Abstract. Inverse methods have been widely used in the field of Earth Sciences, particularly in seismology. Here, we introduce a new application of inversion theory to retrieve Arctic sea ice thickness (SIT) and its overlying snow depth (SD) using freeboard data from Ku-band/Ka-band radar and laser altimeters. We do this using the TransTessellate2D algorithm, a Bayesian trans-dimensional approach that allows us to invert for an unknown number of model parameters. This new inversion method is probabilistic in nature, and can offer a novel understanding of covariances between fields of interest as well as their uncertainties. We use this approach to jointly retrieve SIT and SD in one step, without using a climatology for SD. The inversion results are statistically encouraging when compared to snow and ice evaluation products: for April 2019, we obtain a higher linear correlation coefficient and a slope closer to the one-to-one line than the AWI CryoSat-2 SIT product compared to the Operation Ice Bridge (OIB) SIT product. For the inverted SD, our results exhibit similar statistical properties to the UiT and AMSR2 SD products when regressed against the OIB SD product. The SD is similar in terms of spatial patterns to the AMSR2 product in the 2018–2021 winter periods.

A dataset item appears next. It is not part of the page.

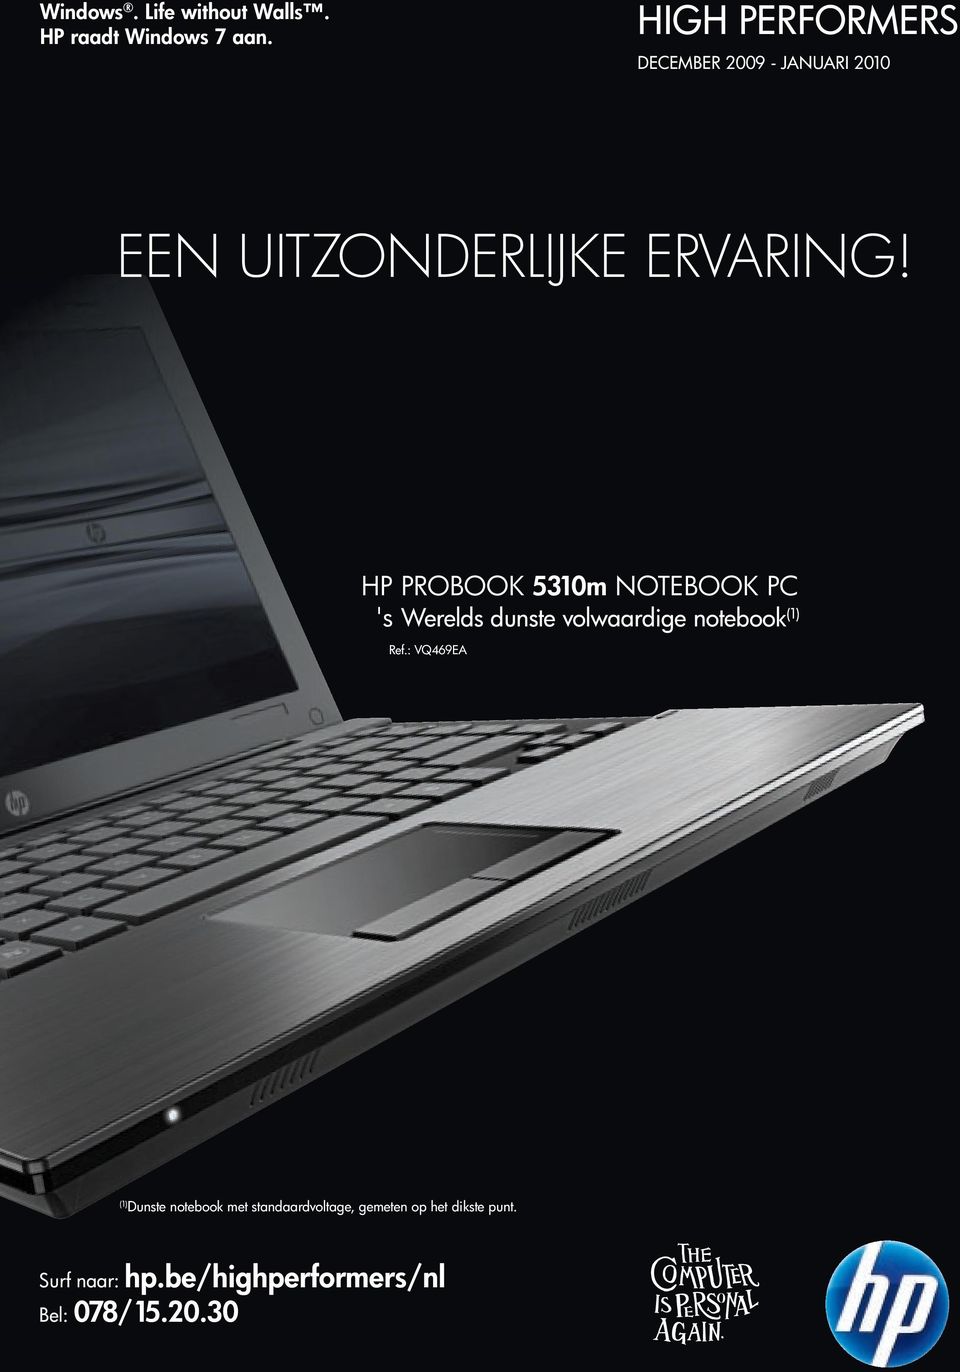 HP PROBOOK 50m NOTEBOOK PC 's Werelds dunste volwaardige notebook
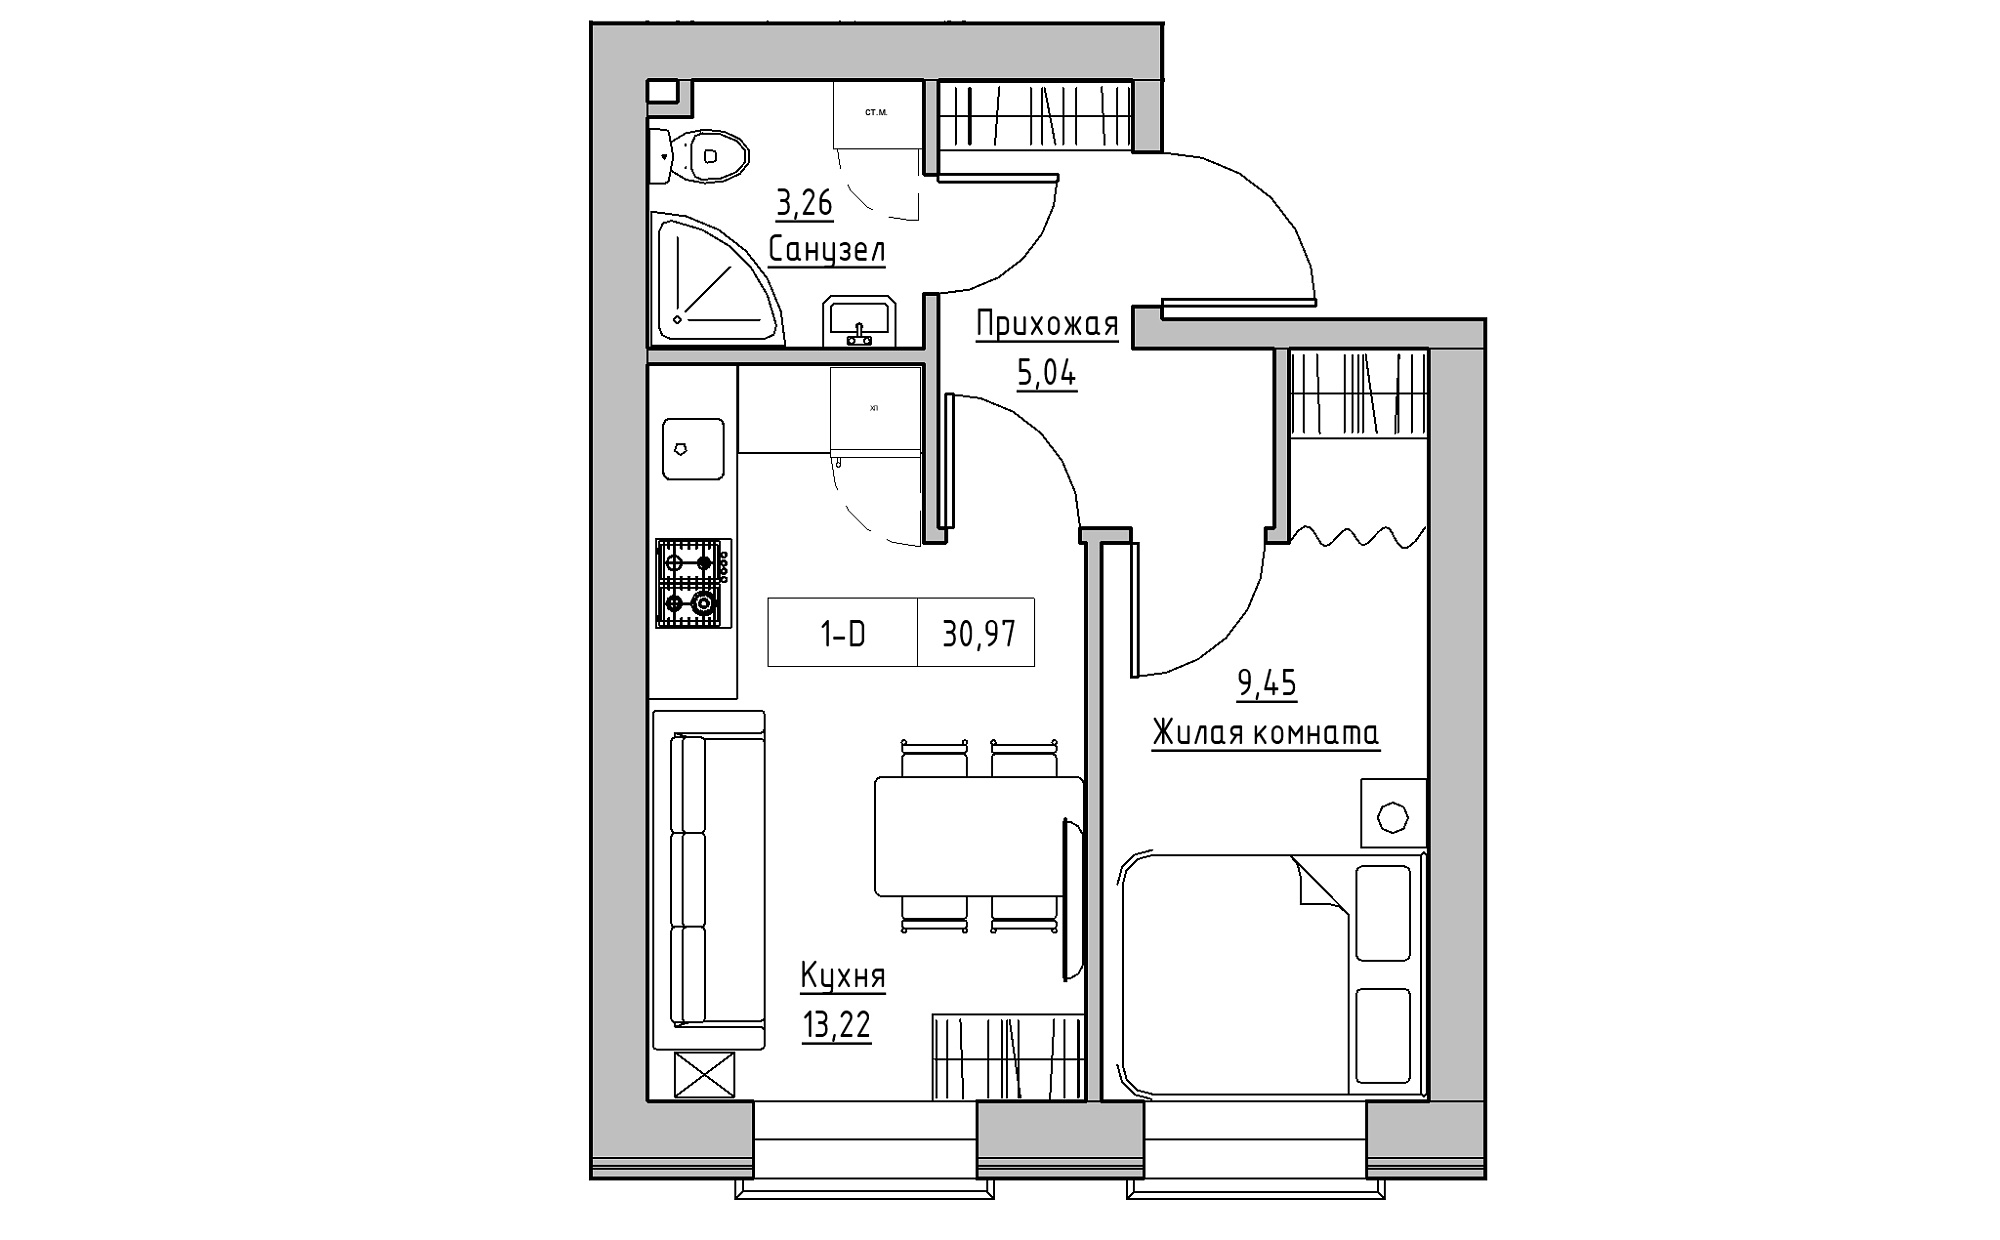 Планування 1-к квартира площею 30.97м2, KS-022-01/0003.

We evaluate the inversion against data from MOSAiC and IceBird missions. These evaluations are also promising, especially for IceBird. Using this approach, we can choose the number of physical variables (SIT, SD and penetration factors) to be inverted for. Thus, we can also invert for the penetration factor, either from one or both satellites (in addition to inverting for SIT and SD at the same time). This paves the way for further research in understanding these penetration factors and their link to SIT and SD retrievals. We obtain values for the penetration factors between 0.5 and 1.2 for CryoSat-2 and around 0 for ICESat-2. Lastly, we investigate the multi-frequency inversion using data from the Ka- and Ku-band radar altimeters, thus preparing for the European Space Agency's planned dual-frequency altimetry mission, CRISTAL.